··· Information supplied
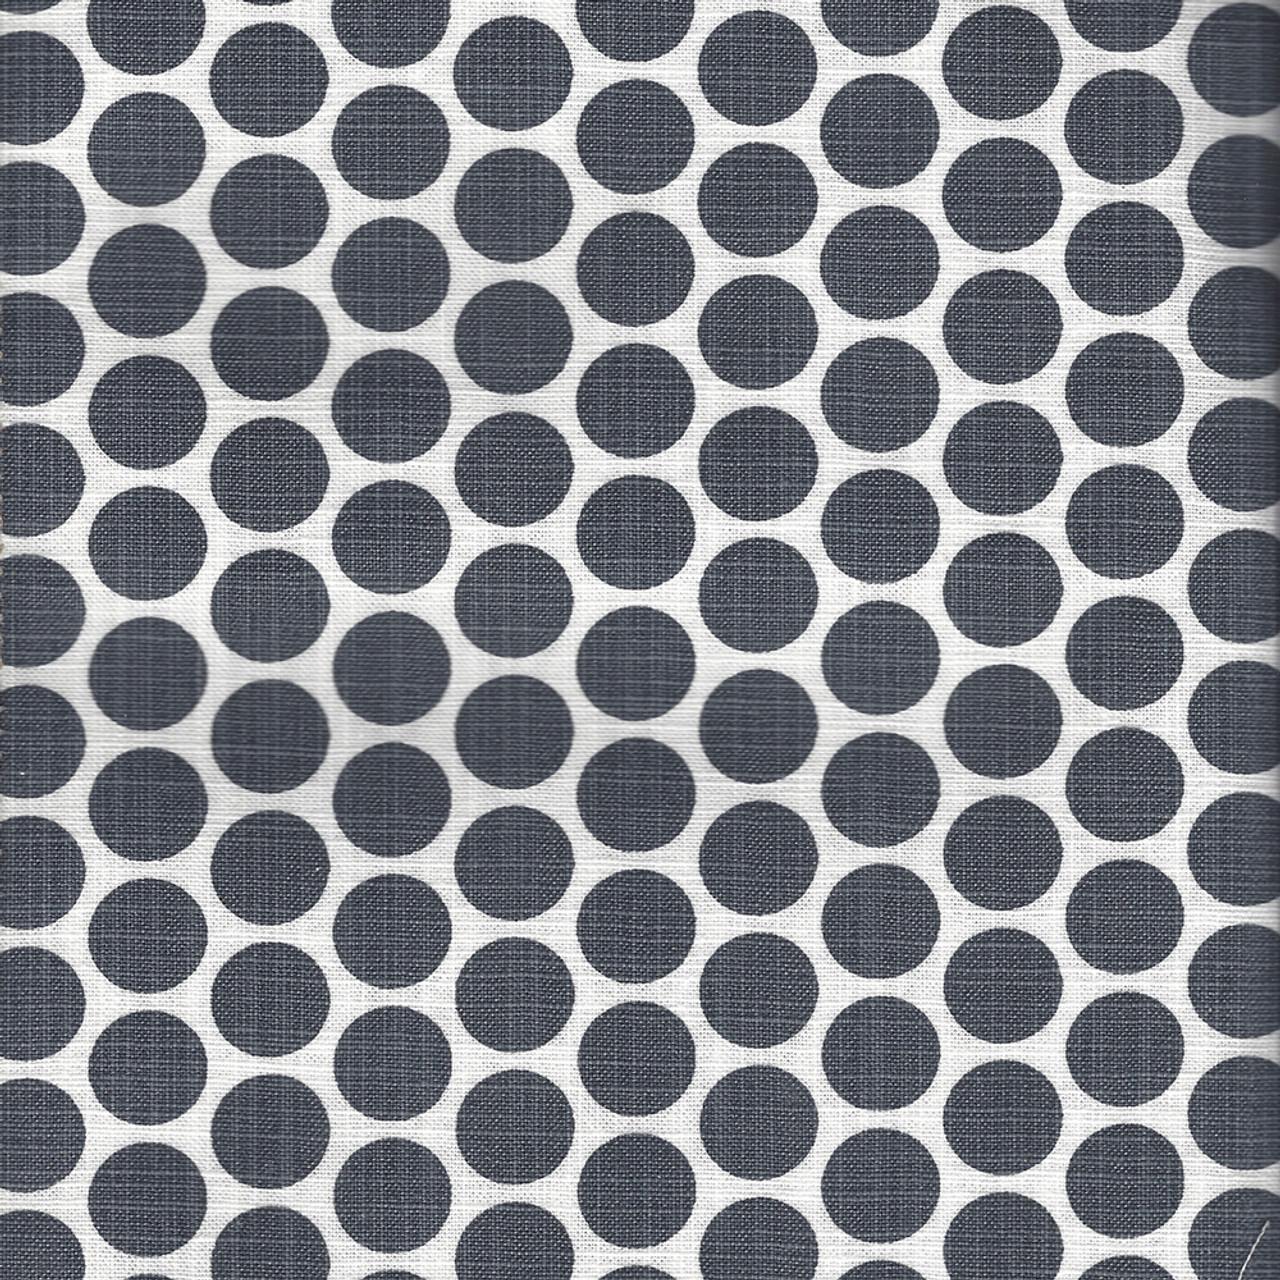 Paco Black Flame Polka Dot Dark Gray Slub Cotton Shower Curtain
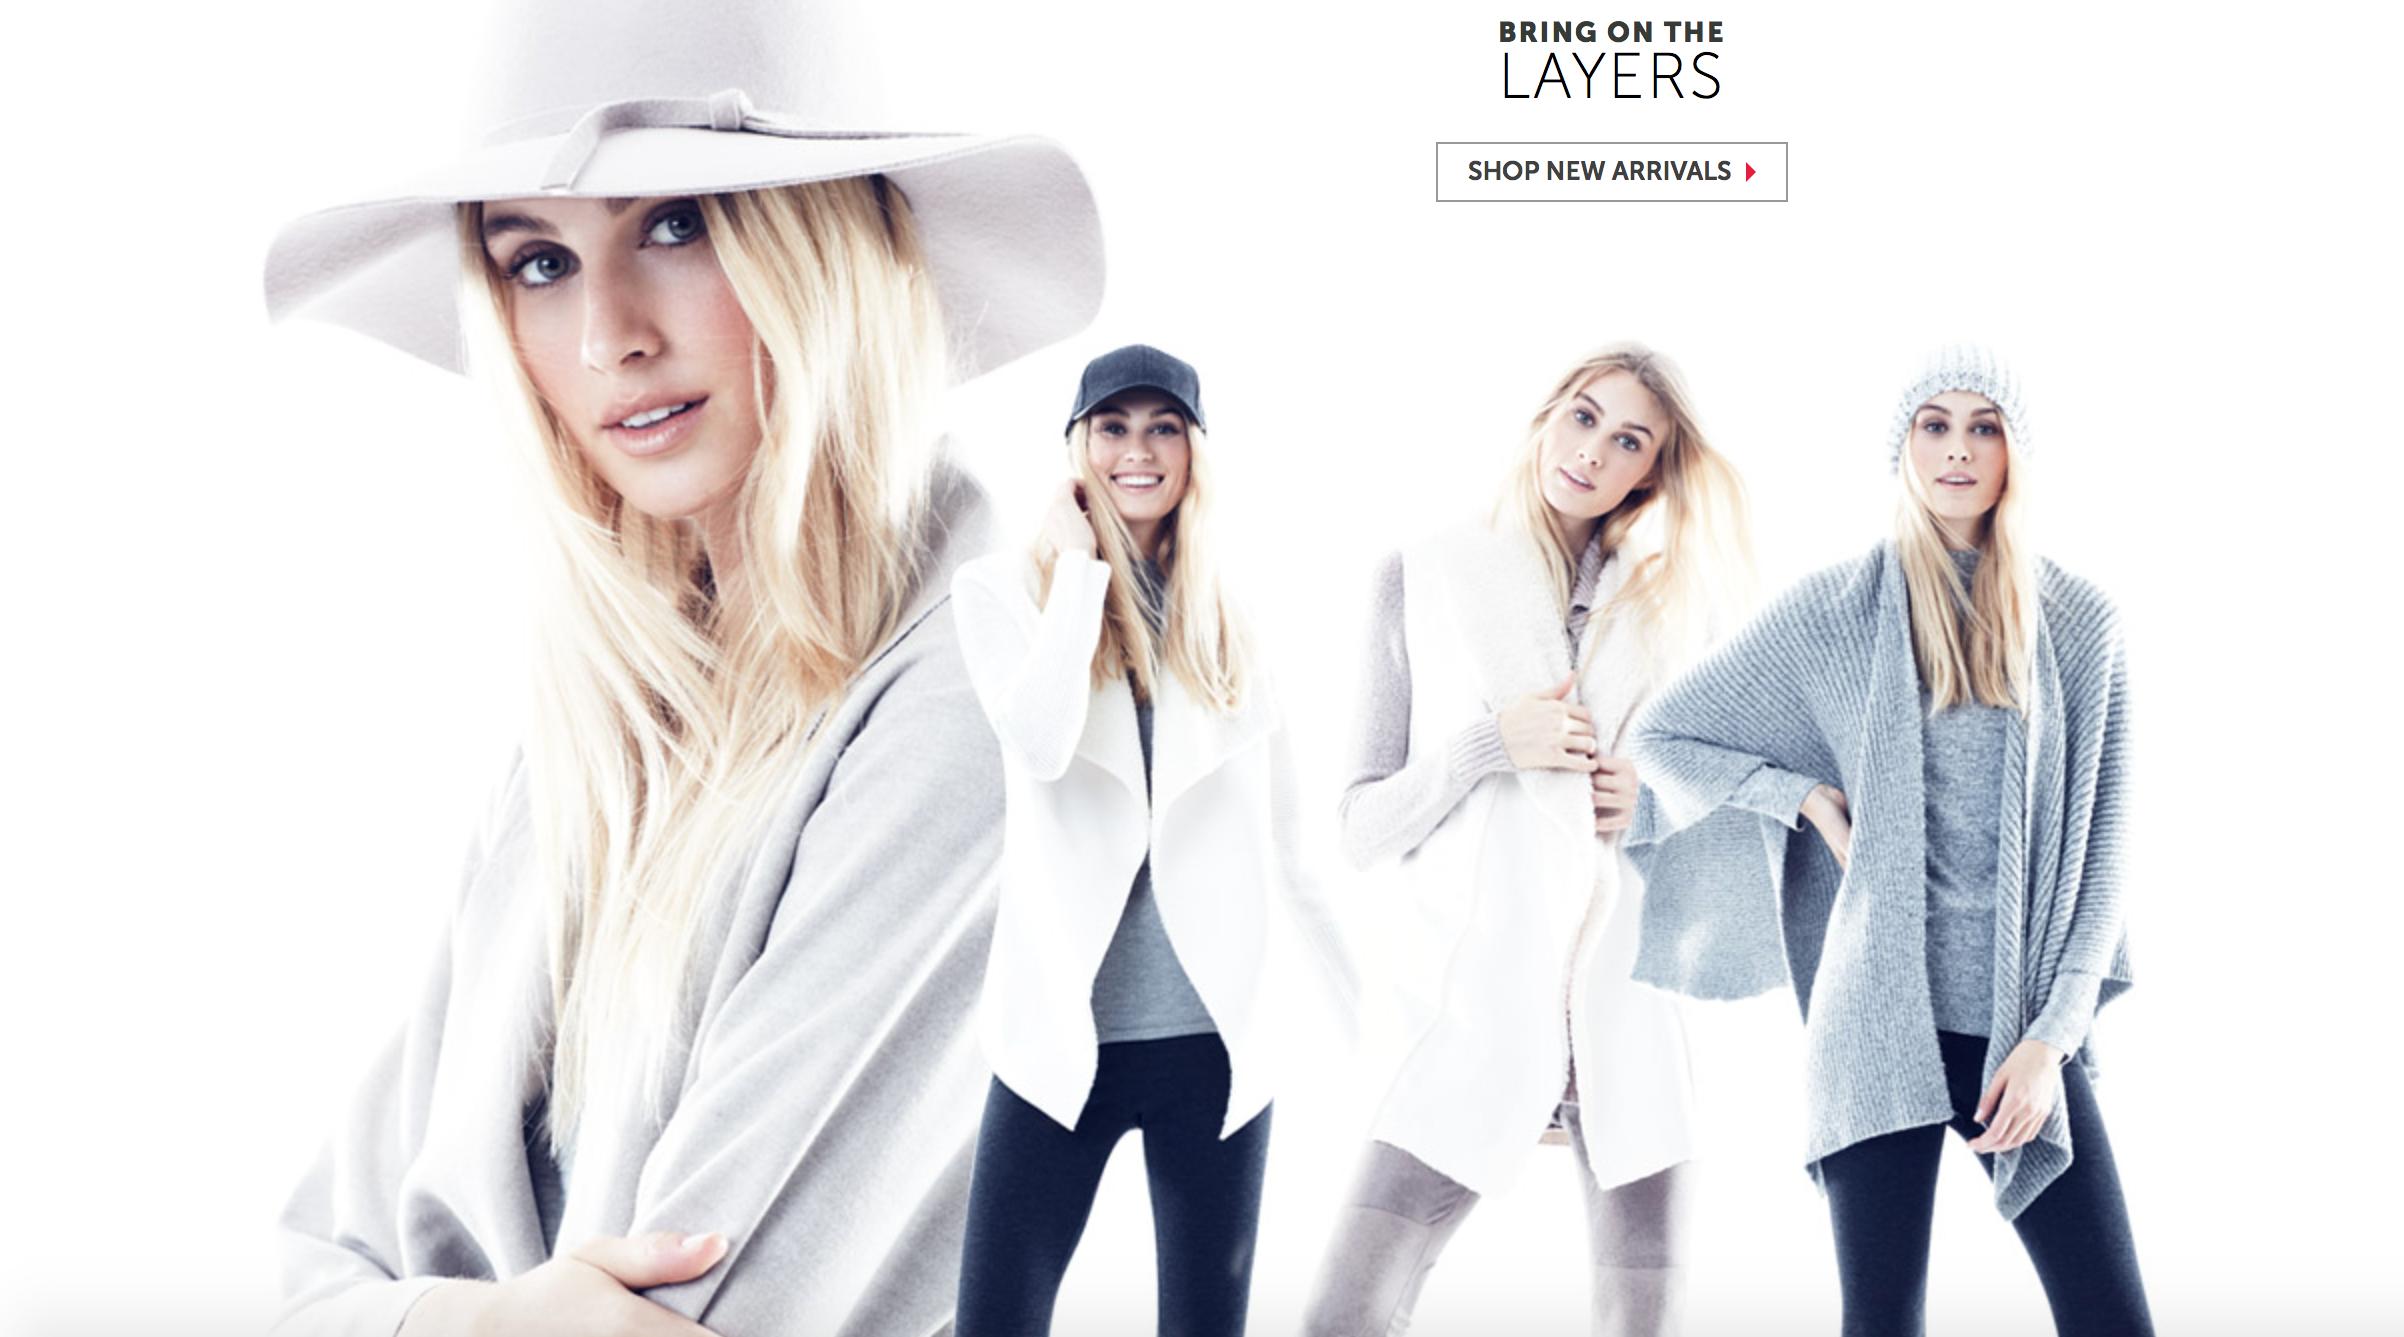 #FashionFriday: Cozy Fall Fashion Is Here!
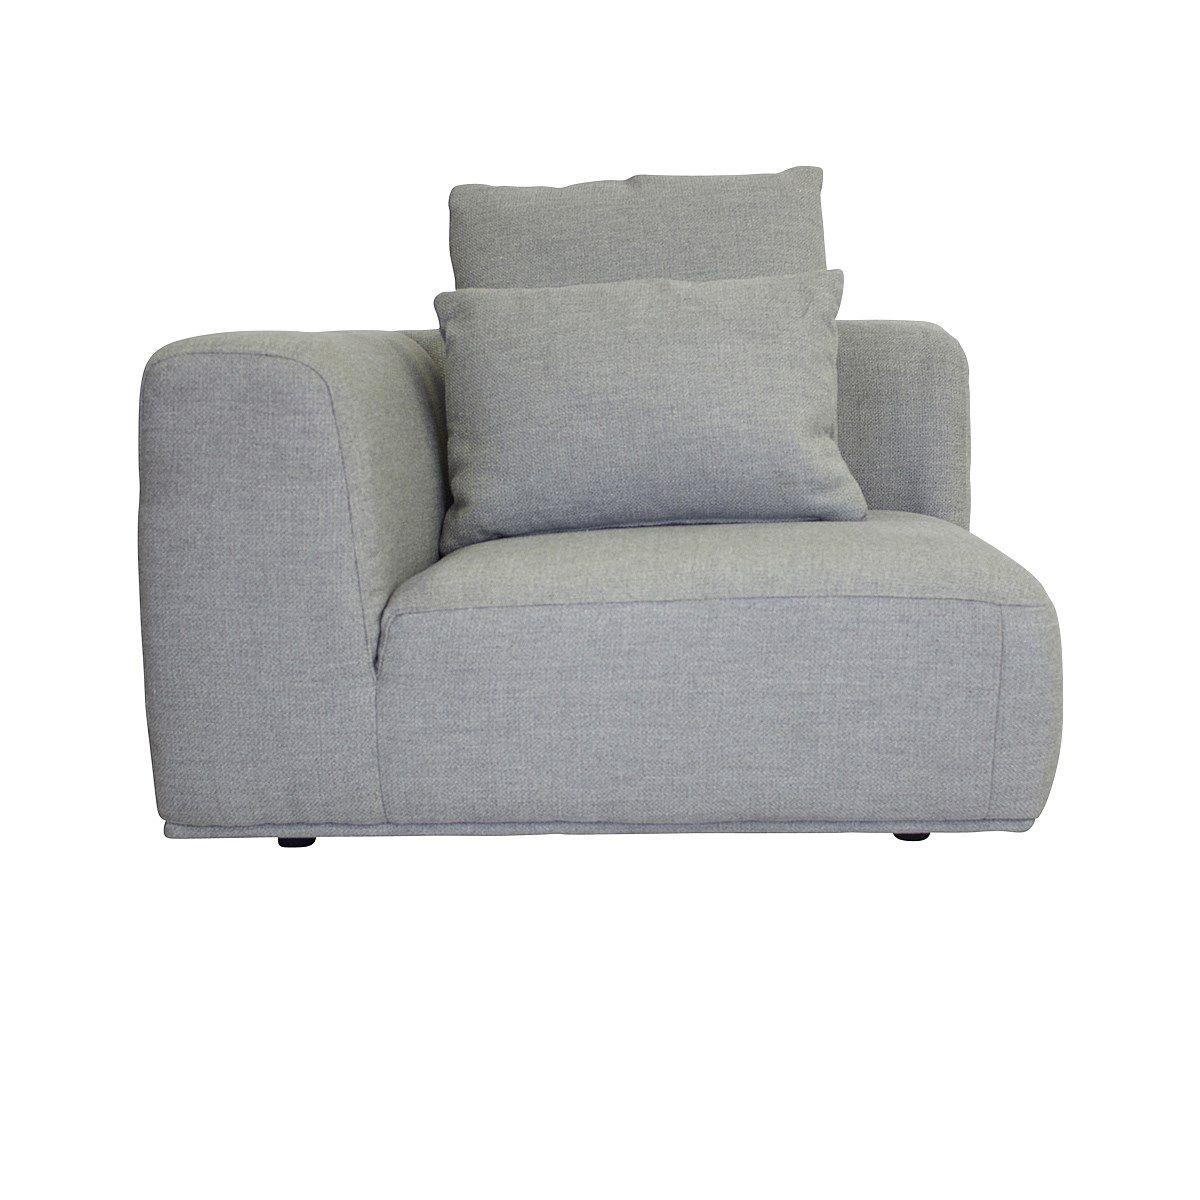 Wondrous Living Nood Furniture Home Decor Homewares Sabine Pdpeps Interior Chair Design Pdpepsorg
······
[Problem statement]: The whole listing must be transcribed exactly. No pictures belong in the copy.

[Output for this task]:
 Paco Black Flame Polka Dot Dark Gray Slub Cotton Shower Curtain
 #FashionFriday: Cozy Fall Fashion Is Here!
 Wondrous Living Nood Furniture Home Decor Homewares Sabine Pdpeps Interior Chair Design Pdpepsorg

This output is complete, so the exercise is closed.